There’s a progression in how people view the years, a sort of time dilation. When I was nine years old, I thought kids who were 12 and 13 were grownups. One night when I was 21 and out dancing at a punk nightclub, I spotted a couple hanging around the periphery. They must have been thirty or so. I was mortified. What were such weird old fossils doing around here?
When Ma got to a certain age, any time someone who was a day younger than she was died she’d lament, again, “She was so young!” Ma said this every time even as she hit 90 and the dead person was 88 or 89.
I’m now at the age Ma was when she was already regularly scanning the obituaries.

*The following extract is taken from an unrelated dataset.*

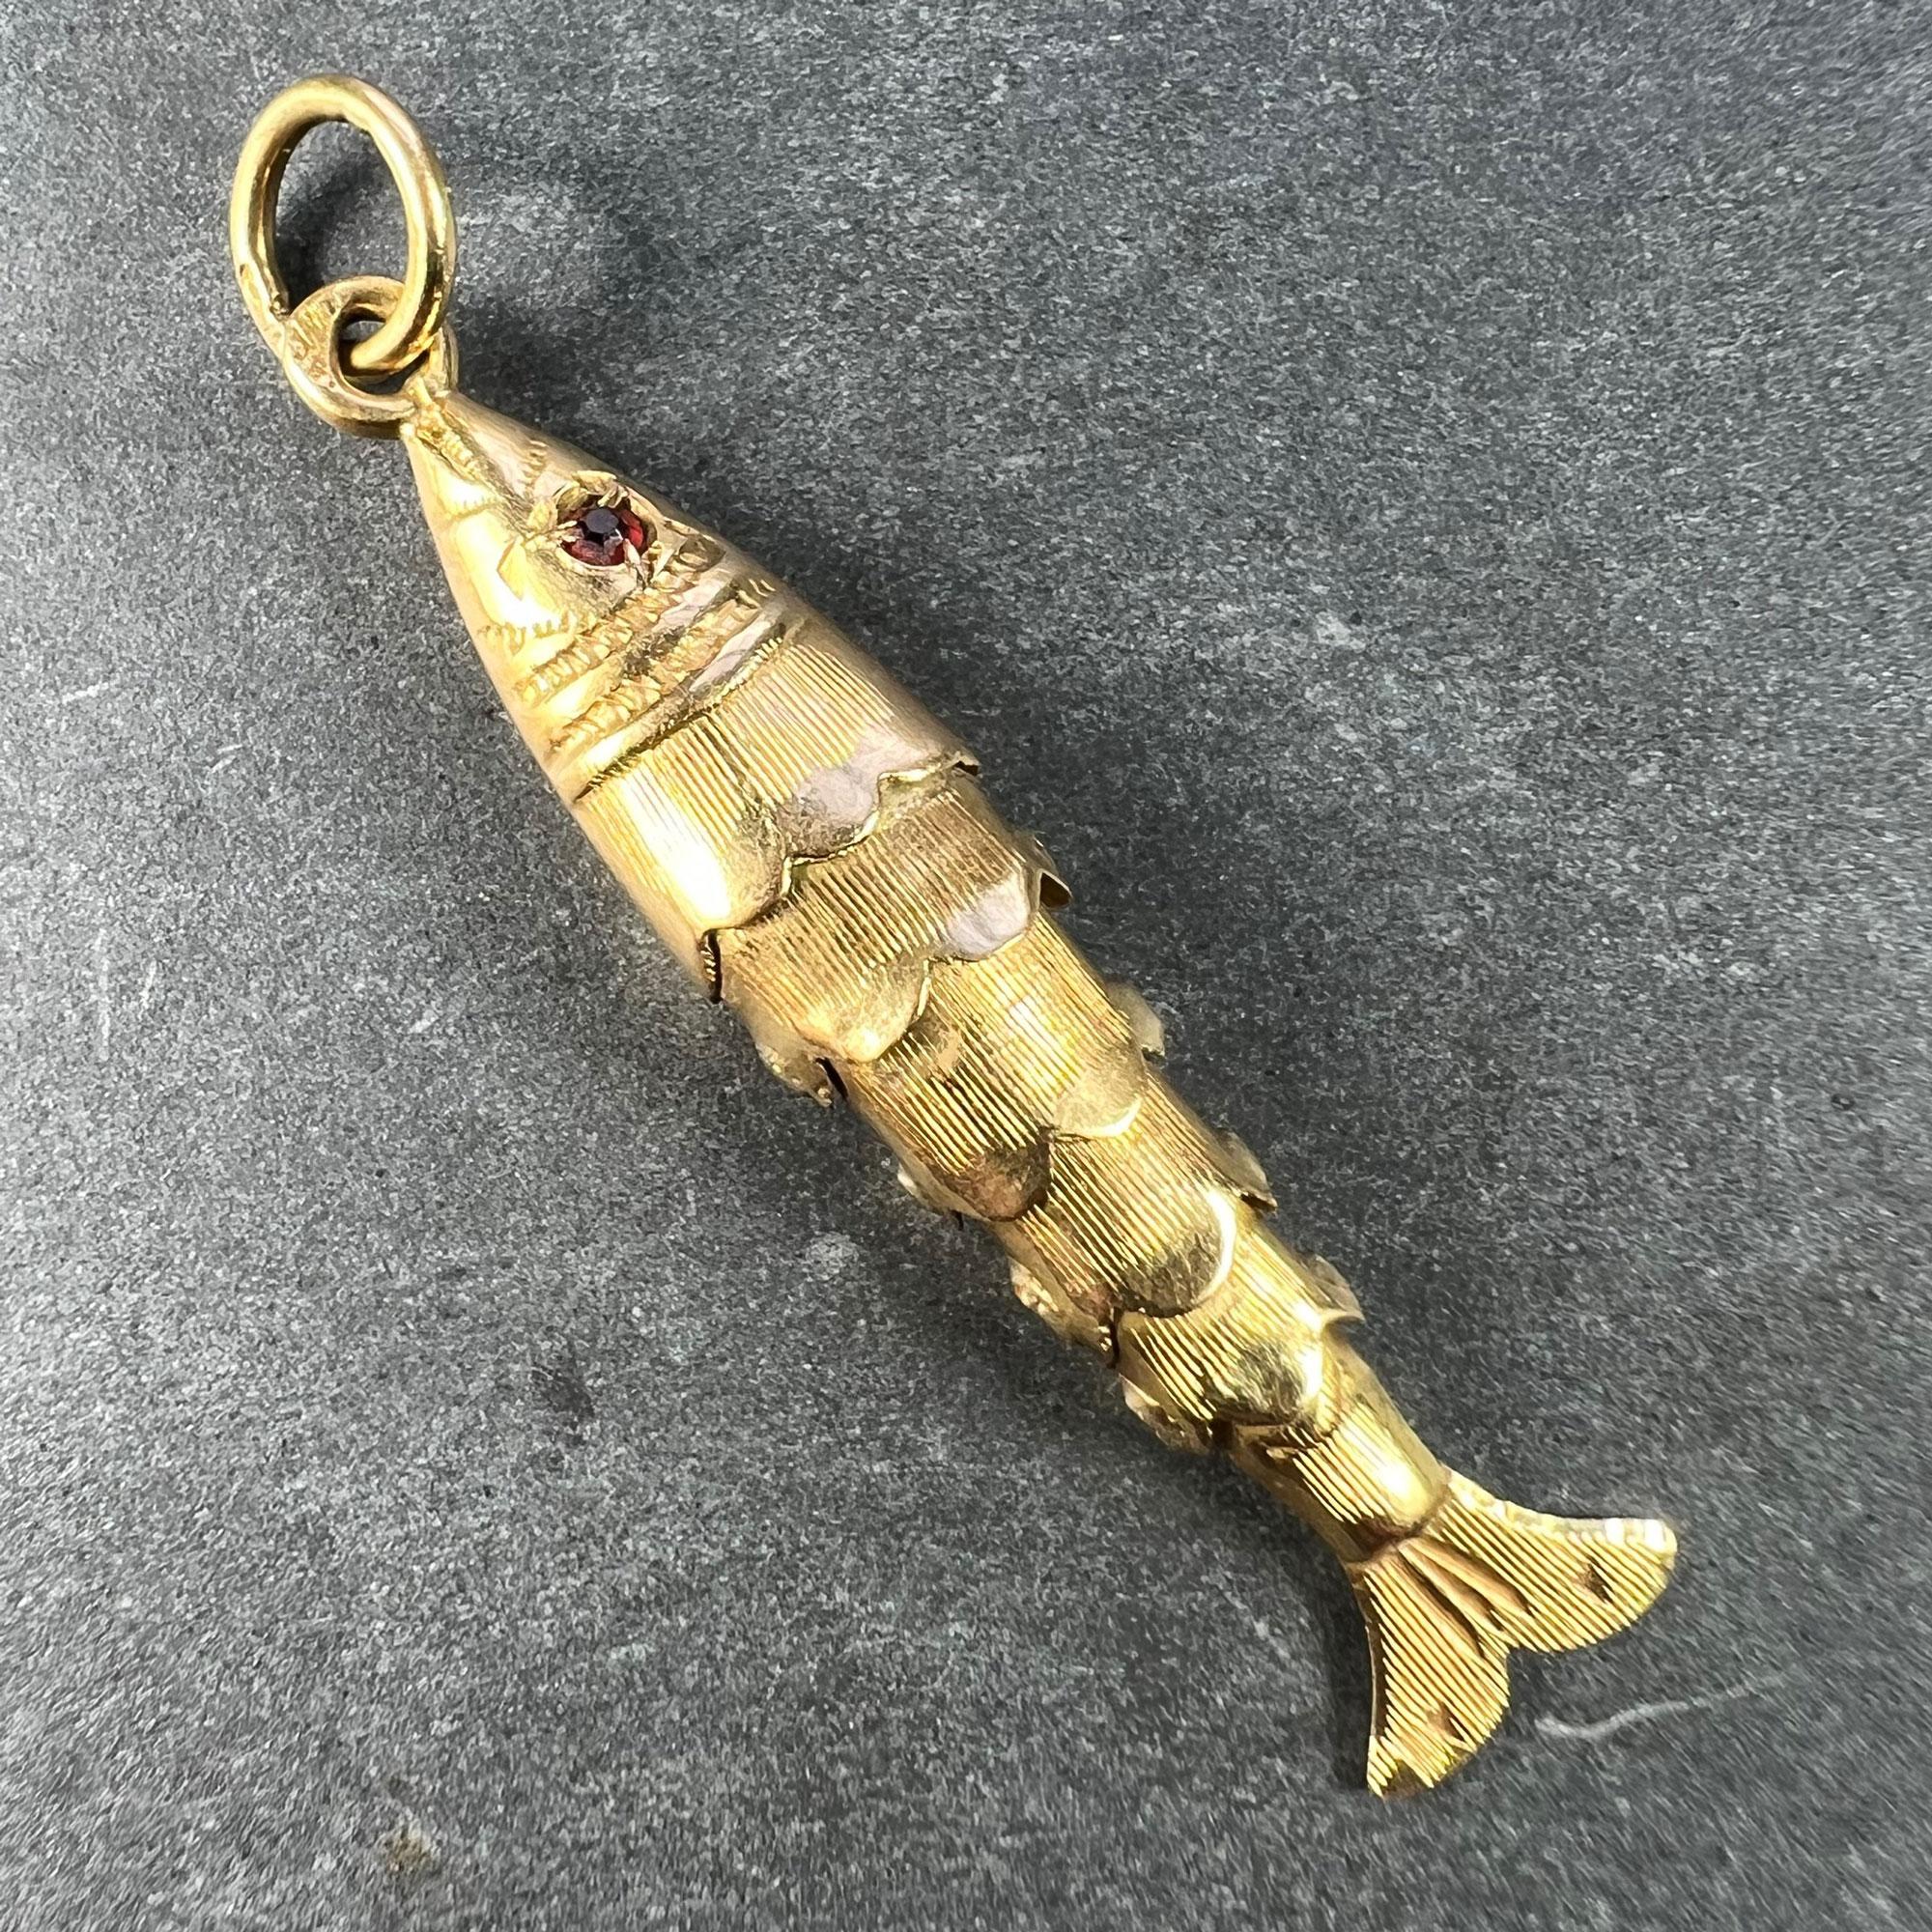 An 18 karat (18K) yellow gold charm pendant designed as an engraved articulated fish with moving body and tail, the eyes each set with a round cut red paste stone. Stamped with a French import head for 18 karat gold.

Dimensions: 3 x 0.7 x 0.45 cm

My contemporaries are keeling over left and right. Celebrities born the year I was are collapsing seemingly every day. It makes me think of the first rock ‘n’ roll era star I can recall who died naturally. Bill Haley, who, with his band the Comets, kick started white acceptance of R’n’R back in 1954 with their single “Rock Around the Clock.” That was two years before I was born and by the time I became a transistor radio geek at the age of eight, Bill Haley was as passé as Rudy Vallée. When Haley croaked in 1981 at the age of 55, I figured, hell, he’s an old man, what’s everybody so surprised about?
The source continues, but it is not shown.